Dear Editor,
Cognitive impairment is a hallmark of neurodegenerative disorders such as Alzheimer’s disease (AD) and Parkinson’s disease. Growing evidence has demonstrated that cognitive impairment is closely associated with insulin resistance. For instance, the risk of AD is increased in diabetic patients [1]. Moreover, cognitively impaired persons exhibit high levels of fasting glucose and fasting insulin, elevated Homeostasis Model Assessment, an impaired insulin response to glucose, and increased frequency of diabetes. In accord with this, intranasal insulin administration greatly improves the delayed memory and caregiver-rated functional ability of patients with amnestic mild cognitive impairment or AD [2].
Cystatin C (CysC) is a ubiquitously-expressed protein and an inhibitor of cysteine protease. It has been demonstrated that plasma CysC is a positive indicator of central adiposity and insulin resistance [3]. Recently, a clinical survey indicated that a higher titer of plasma CysC impairs insulin sensitivity in patients with type 1 diabetes [4]. This evidence implies that CysC serves as an inducer of insulin resistance. Indeed, we previously showed that CysC impairs the insulin signal pathway in hepatocytes by inducing endoplasmic reticulum (ER) stress [5]. Given that CysC is a causative factor for insulin resistance, it is reasonable to predict that elevated CysC levels lead to cognitive impairment by promoting insulin resistance.
To investigate whether CysC affects the actions of insulin, we treated rat primary hippocampal neurons with recombinant CysC at different dosages. As shown in Fig. S1A, phosphorylated Akt (p-Akt) and GSK3β (p-GSK3β) were dramatically increased by insulin stimulation in these neurons. However, the increases were decreased by CysC in a dose-dependent manner (Fig. S1A, B). To verify these findings, we also measured insulin-stimulated glucose uptake in primary hippocampal neurons. As expected, we found that the application of insulin greatly stimulated glucose uptake and this stimulation was largely blunted in the presence of CysC (Fig. S1C). These data showed that insulin signal transduction is blocked by CysC in primary hippocampal neurons.
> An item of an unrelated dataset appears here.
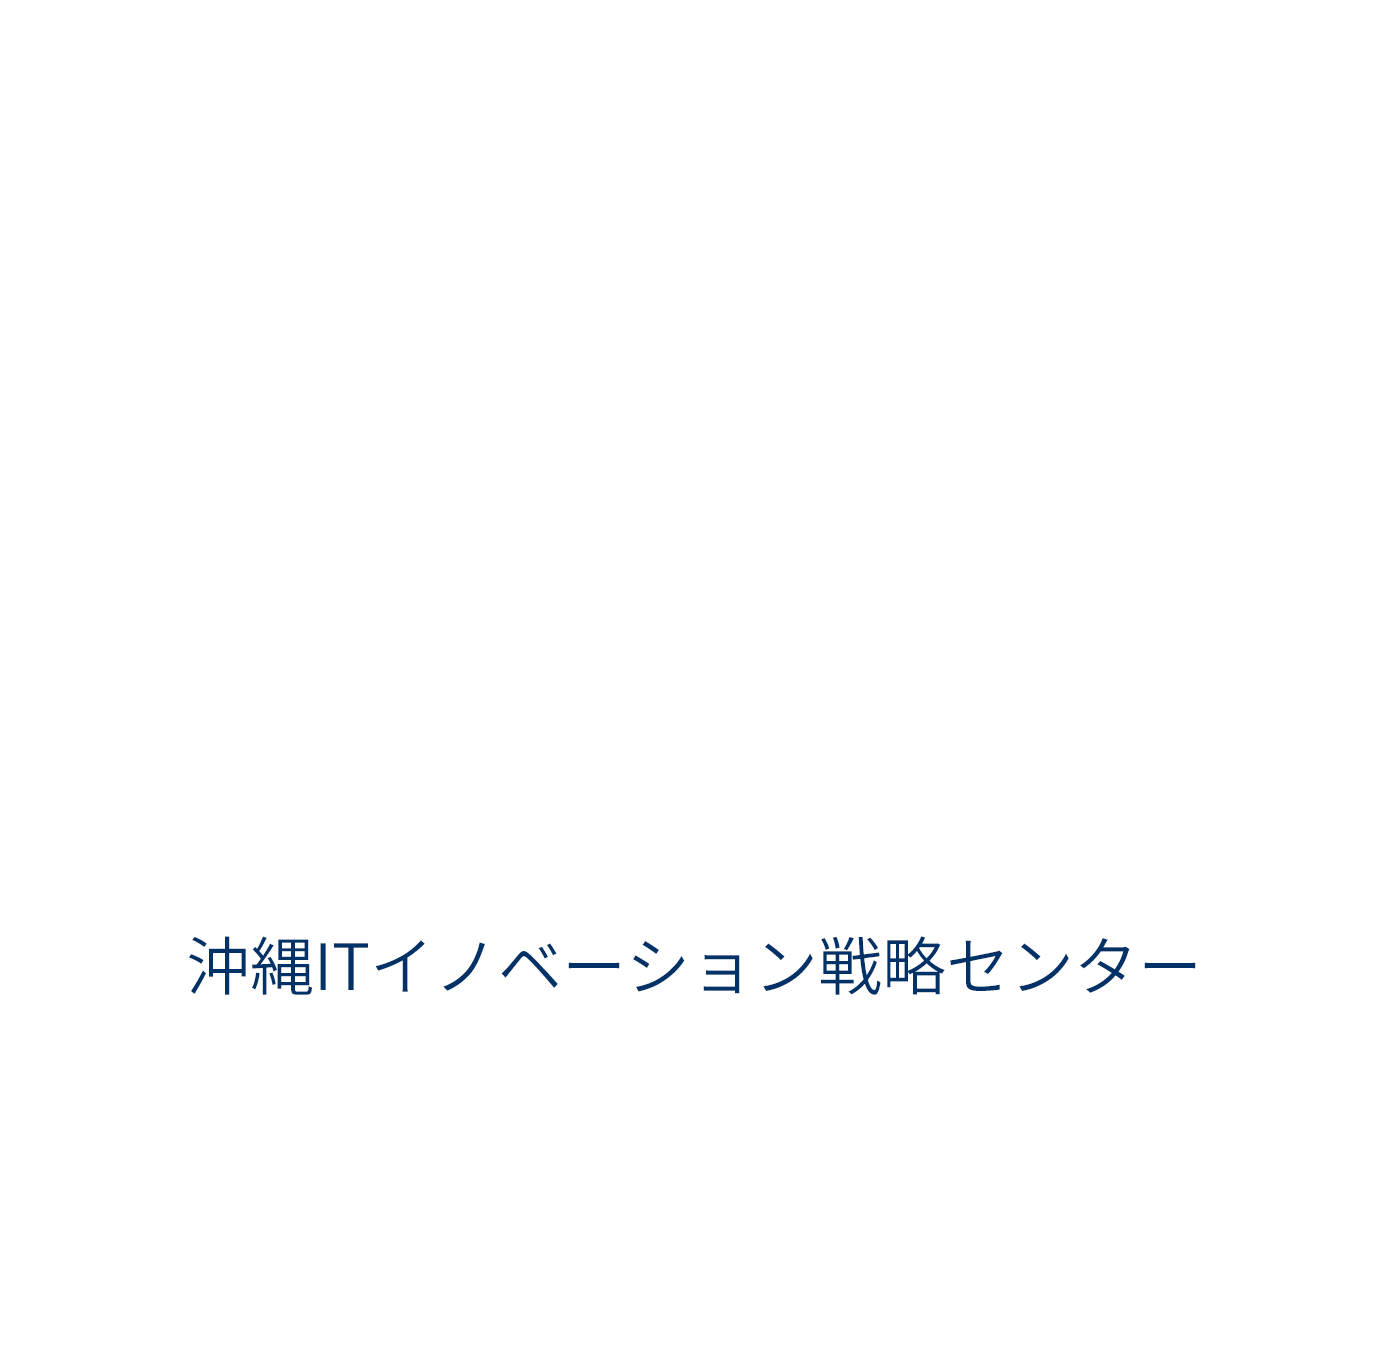 IT Innovation and Strategy Center Okinawa「沖縄ITイノベーション戦略センター」 | 我們將『在沖繩』共同開創一場活用IT革新，並引領顛覆性創造的服務及產業。

Next, we explored the mechanism underlying the CysC-mediated blockade of insulin signal transduction in primary hippocampal neurons. It has been shown that CysC attenuates insulin signal transduction in hepatocytes by inducing ER stress [5]. Therefore, we measured the ER stress-related genes Grp78, Chop, and Erdj4 and the results showed that CysC had no effect on their expression (data not shown). Suppressor of cytokine signaling 1/3 (SOCS1/3) are negative regulators of insulin signal transduction [6]. Thus, we measured SOCS1/3 expression and found that the mRNA level of SOCS1 was significantly up-regulated by CysC, while SOCS3 did not change (Fig. S2A). The protein level of SOCS1 was also enhanced by CysC (Fig. S2B, C). To investigate whether the CysC-mediated suppression of insulin signal transduction occurs via the stimulation of SOCS1, we down-regulated SOCS1 expression by means of siRNA-mediated gene silencing. As shown in Fig. S2D, the mRNA level of SOCS1 was decreased by siRNAs against SOCS1, especially by siRNA-#2 and siRNA-#3. To confirm the knockdown efficiency, we measured the protein levels of SOCS1 and the results confirmed that SOCS1 was reduced by the siRNAs (Fig. S2E). Of these, siRNA-#3 showed the best knockdown efficiency and thus it was used in subsequent experiments. As shown in Fig. S2F, in nonspecific control (NC) siRNA-transfected neurons, CysC greatly inhibited the insulin-stimulated p-Atk and p-GSK3β. In the siRNA-#3-transfected neurons, however, the presence of CysC had no such effects (Fig. S2F). The above data clearly showed that, by stimulating SOCS1, CysC impairs insulin signal transduction in primary hippocampal neurons.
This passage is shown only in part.